WHAT OTHER OPPORTUNITIES ARE OFFERED WITH THE SPONSORSHIP AGREEMENT?

Research additional brand awareness opportunities. Events can include, but are not limited to cocktail hour, lunch or dinner, and Wi-Fi for the event. At times, these can be coupled with push notifications for a conference app, or speaking and panel opportunities. Additionally, many conferences provide an attendee list before and after the event. This list is key in preparing for a successful event and follow up.

HOW MANY CONFERENCES SHOULD BE SPONSORED EACH YEAR?

Conferences vary in size, audience and venue, and are subject to the investment manager’s target audience and marketing budget. If you have a limited marketing budget, you may want to consider one or two events per year. This will assist in providing maximum exposure in a single location and will broaden your sponsorship selections. If your budget allows, consider more local targeted events. It is important to remember, it isn’t the number of events you attend each year, but rather the amount of engagements you commit to within each event.

WHAT LEVELS OF SPONSORSHIP ARE AVAILABLE?

There are many levels of conference sponsorship, ranging from basic meeting attendance and others that present to a more robust sponsor offering. When researching which events to attend, determine exactly what benefits you will receive for sponsoring a conference. While some events may only provide you a booth, others may provide follow-up engagement opportunities like webinars throughout the year or featuring your white papers on the firm’s website. Your Strategic Relationship Manager will help determine what type of conference and level of sponsorship would best suit your sales and marketing efforts.

HOW DO I BEST PRESENT MY COMPANY AT A CONFERENCE?

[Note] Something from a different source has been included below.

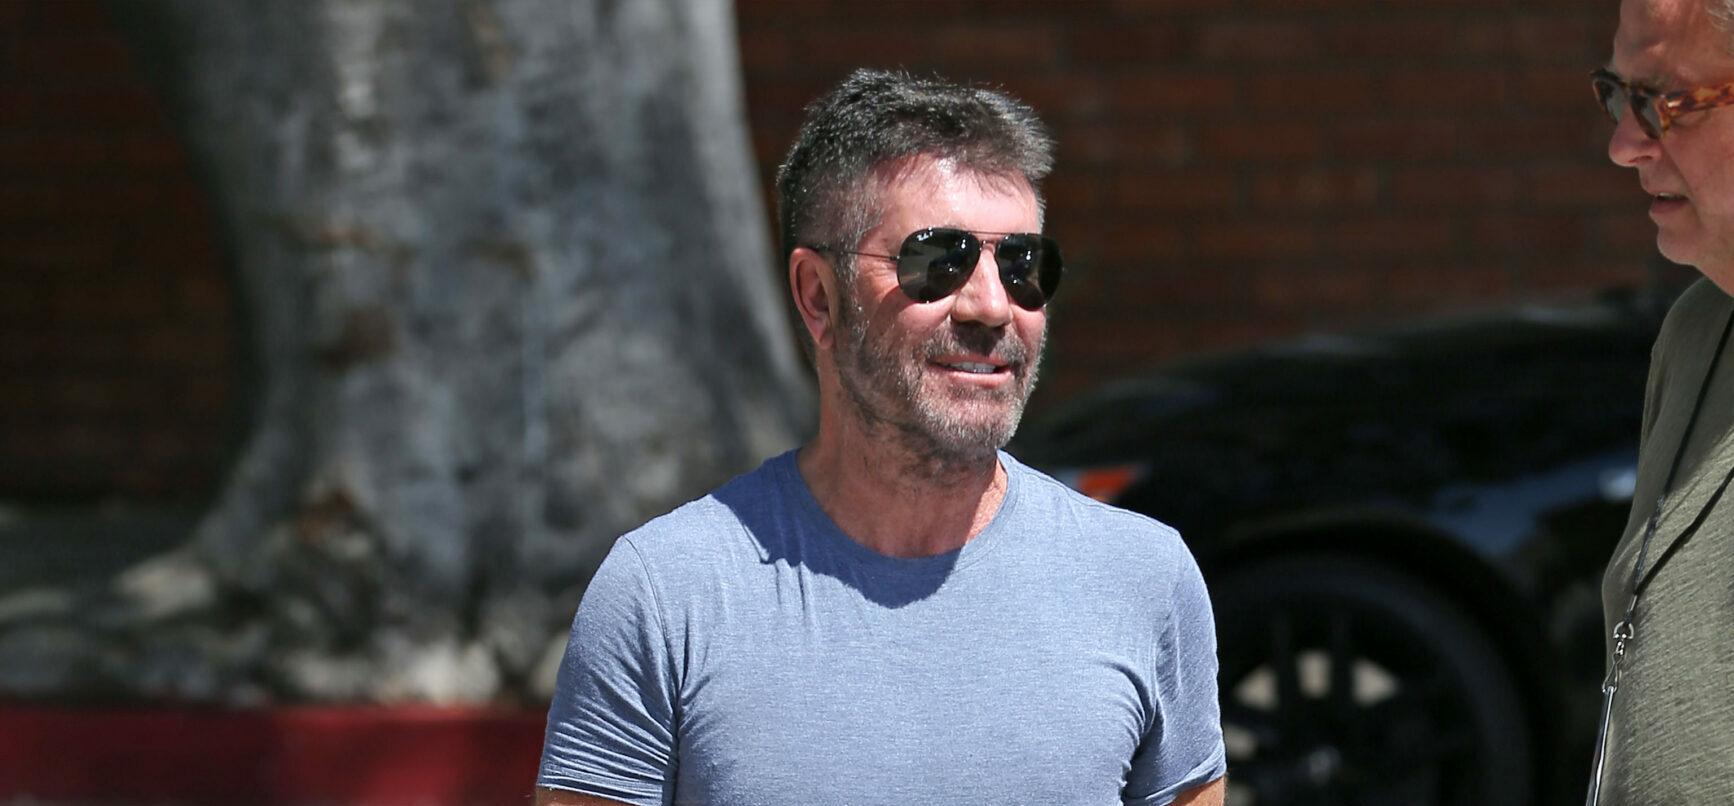 Simon Cowell is seen arriving at the apos America apos s got talent apos filming in los Angeles

Creating a memorable brand begins with your distinct competitive edge. The defining characteristic may be an individual or multiple combination of culture, process and execution. It should magnify your organization’s competitive edge as a differentiator amongst its peers. Consistency is key. Your booth should clearly represent your brand. Work to design an impressive backdrop, pull banners, tablecloths, etc. If you are sponsoring a booth at a conference, obtain booth specifics, such as dimensions, table size for a tablecloth and what type of setup you are allowed to bring (floor or tabletop). Additionally, consider investing in branded trinkets to give away. This could be pens, hand sanitizers, mints, etc. Keep in mind, you are competing with all other booths at the conference. How will you make your booth stand out?

HOW DO I PREPARE FOR A CONFERENCE?

Planning is crucial for amplifying your conference experience. There are several items you can address to maximize your resources before, during and after the event:

  • What are your goals and expectations for the event?
  • Are you leveraging your brand and getting the maximum exposure?
  • Did you send trinkets and promotional materials?
  • Have you sent an email to the attendee list informing them about your sponsorship or additional activities? NLD has prepared a Conference Checklist, complete with items that you can accomplish before, during and after a conference to gain the best possible return for your investment.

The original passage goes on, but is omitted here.